By analyzing existing cross correlation between Anghami De and Thayer Ventures Acquisition, you can compare the effects of market volatilities on Anghami De and Thayer Ventures and check how they will diversify away market risk if combined in the same portfolio for a given time horizon. You can also utilize pair trading strategies of matching a long position in Anghami De with a short position of Thayer Ventures. Check out your portfolio center.

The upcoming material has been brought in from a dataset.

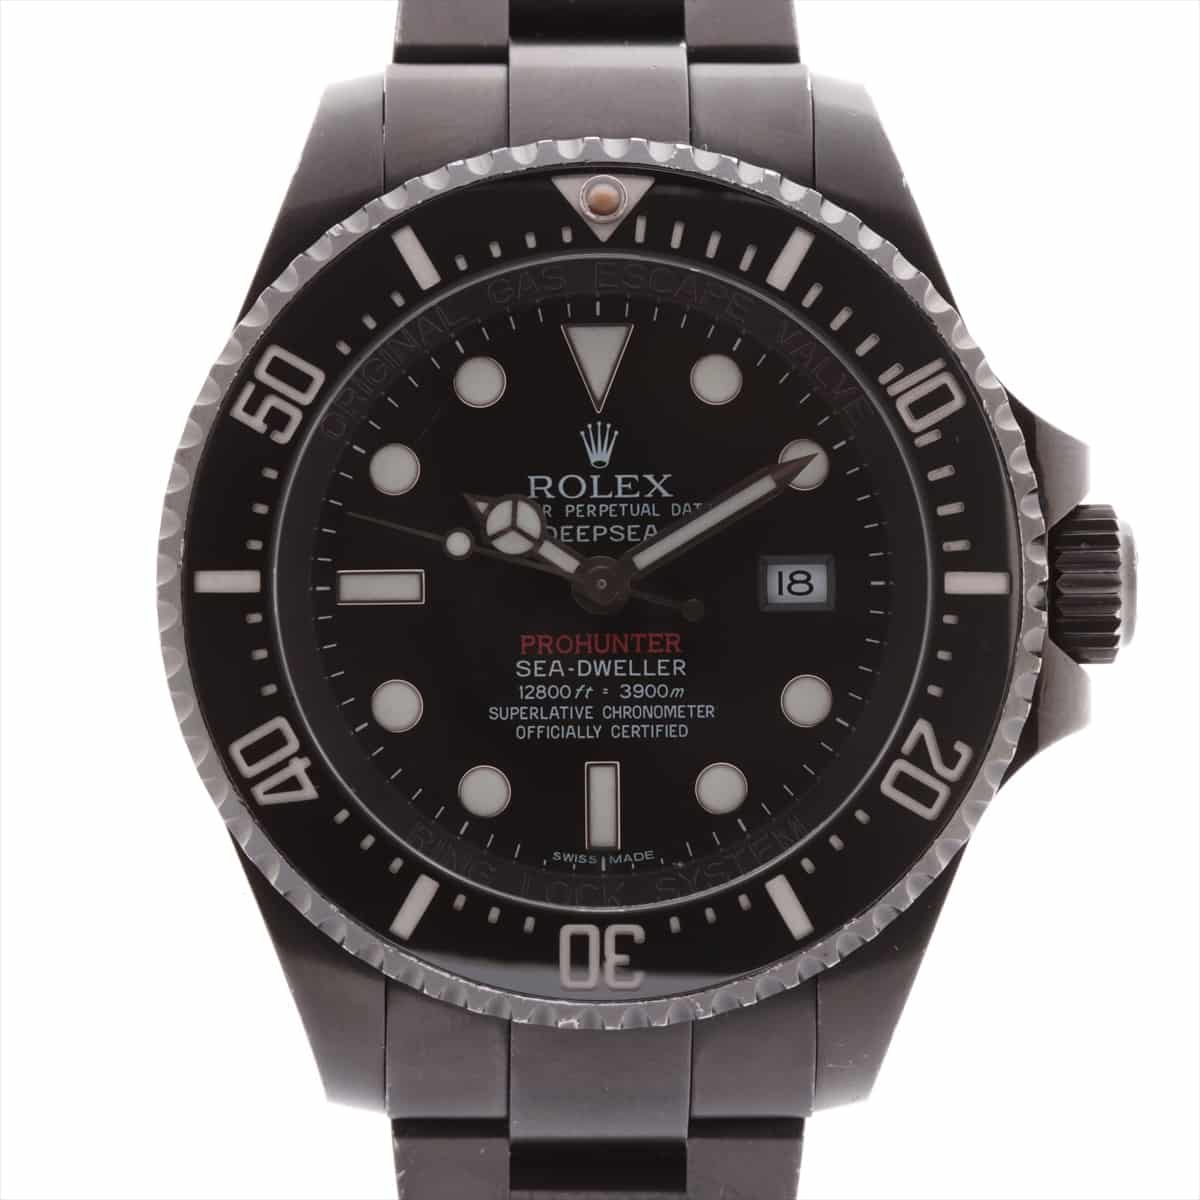 Rolex Sea-Dweller Deep Sea Pro-Hunter 116660 V number SS AT Black-Face Luminous discoloration needle center wound

Please also check ongoing floating volatility patterns of Anghami De and Thayer Ventures.

Diversification Opportunities for Anghami De and Thayer Ventures

-0.21
  Correlation Coefficient

Very good diversification

The 3 months correlation between Anghami and Thayer is -0.21. Overlapping area represents the amount of risk that can be diversified away by holding Anghami De and Thayer Ventures Acquisition in the same portfolio, assuming nothing else is changed. The correlation between historical prices or returns on Thayer Ventures Acqu and Anghami De is a relative statistical measure of the degree to which these equity instruments tend to move together. The correlation coefficient measures the extent to which returns on Anghami De are associated (or correlated) with Thayer Ventures. Values of the correlation coefficient range from -1 to +1, where. The correlation of zero (0) is possible when the price movement of Thayer Ventures Acqu has no effect on the direction of Anghami De i.e., Anghami De and Thayer Ventures go up and down completely randomly.

Pair Corralation between Anghami De and Thayer Ventures

Given the investment horizon of 90 days Anghami De is expected to under-perform the Thayer Ventures. But the stock apears to be less risky and, when comparing its historical volatility, Anghami De is 2.1 times less risky than Thayer Ventures. The stock trades about -0.02 of its potential returns per unit of risk. The Thayer Ventures Acquisition is currently generating about 0.07 of returns per unit of risk over similar time horizon. If you would invest  0.90  in Thayer Ventures Acquisition on December 29, 2024 and sell it today you would earn a total of  0.10  from holding Thayer Ventures Acquisition or generate 11.11% return on investment over 90 days.
Time Period3 Months [change]
DirectionMoves Against 
StrengthInsignificant
Accuracy100.0%
ValuesDaily Returns

Anghami De  vs.  Thayer Ventures Acquisition

 Performance 
       Timeline  
Anghami De 

Risk-Adjusted Performance

Very Weak

 
Weak
 
Strong
Over the last 90 days Anghami De has generated negative risk-adjusted returns adding no value to investors with long positions. Despite latest weak performance, the Stock's technical and fundamental indicators remain strong and the recent confusion on Wall Street may also be a sign of long-lasting gains for the firm traders.
Thayer Ventures Acqu 

Risk-Adjusted Performance

Modest

 
Weak
 
Strong
Compared to the overall equity markets, risk-adjusted returns on investments in Thayer Ventures Acquisition are ranked lower than 5 (%) of all global equities and portfolios over the last 90 days. In spite of fairly unfluctuating basic indicators, Thayer Ventures showed solid returns over the last few months and may actually be approaching a breakup point.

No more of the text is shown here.